The allocation of a dependency exemption (child tax credit) can not only have an impact on the amount of your taxable income, it can also impact the child support award. However, The IRS rules and laws of the State of Michigan can provide for different allocations of the exemption.


The dependency exemption after divorce.

The IRS Rules regarding regarding the child tax credit.

For tax year 2021, the child tax credit is up to $3,600 or $3,000 depending on the age of your child. To qualify for a dependency exemption under the IRS rules, the dependent must earn less than $4,300 in 2021 and you must provide more than 1/2 of their annual support. Unfortunately, only one parent can take the exemption in any given tax year.

The IRS Publication 504 (see pages 8-9) explains in greater detail the tests to be a qualifying child.

From a child support perspective the allocation of a dependency exemption to a parent can reduce his/her income and change the support obligation. For example, when the payer of child support is awarded a dependency exemption his/her post-tax income is reduced and in turn so is the child support amount.
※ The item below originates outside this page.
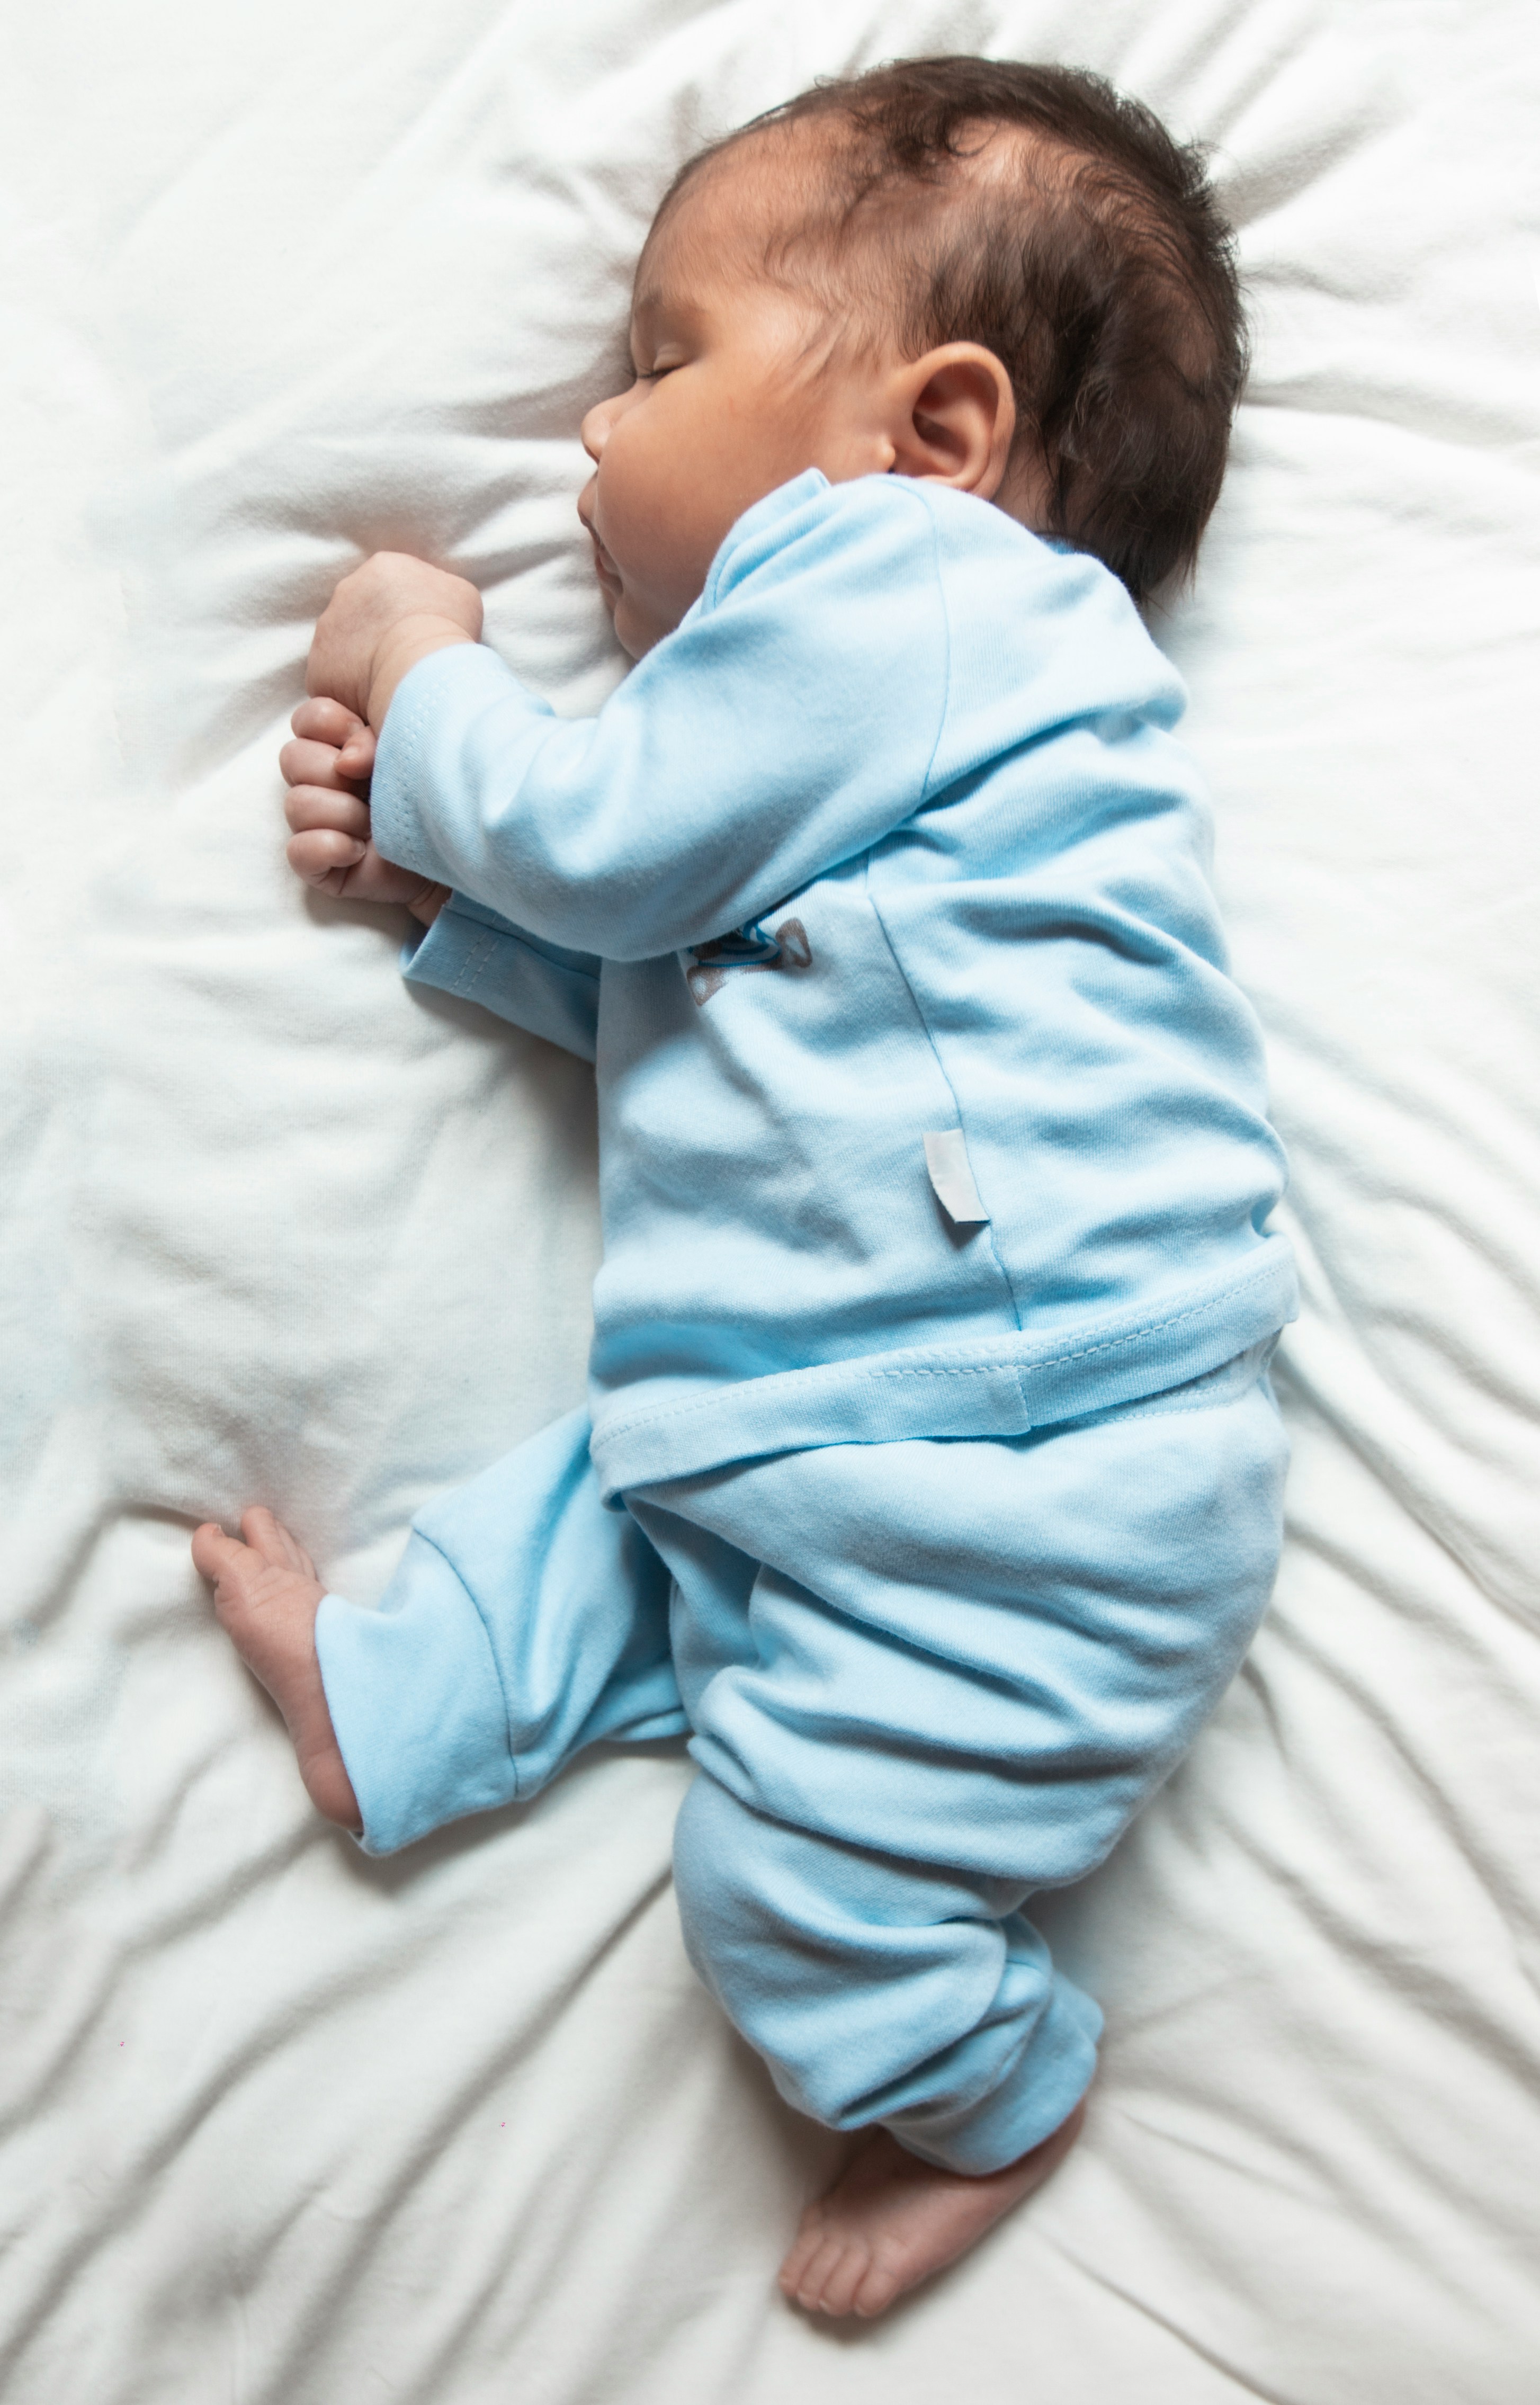 Ein schlafendes Baby | Quelle: Unplash

A Michigan Court can award the dependency exemption to either parent even if doing so is contrary to the IRS rules.

It is important to understand under Michigan law, a trial court have authority to award a dependency exemption for children of divorce or separated individuals even if the award is inconsistent with the IRS rules. For example, it is not uncommon for a court to order parties to alternate the dependency exemption for a child in cases of equal parenting time (or sometimes even in cases with unequal parenting time).

The seminal Michigan case in support of this notion is the Michigan Court of Appeals case, Fear vs. Rogers.

. . . we hold that it is within the general authority of the trial court to award the federal income tax dependency exemption for the minor children to either party . . .

Fear v. Rogers, Docket 147247, decided December 5, 1994.

In circumstances when a parent wrongfully takes the dependency exemption, a court can compel a party to revoke the exemption by completing IRS form 8332 entitled “Release/Revocation of Release of Claim to Exemption for Child by Custodial Parent”.

In sum, even if you qualify to take the child tax credit on your Federal income tax return, a Michigan Court can award the exemption to the other parent and enforce the award.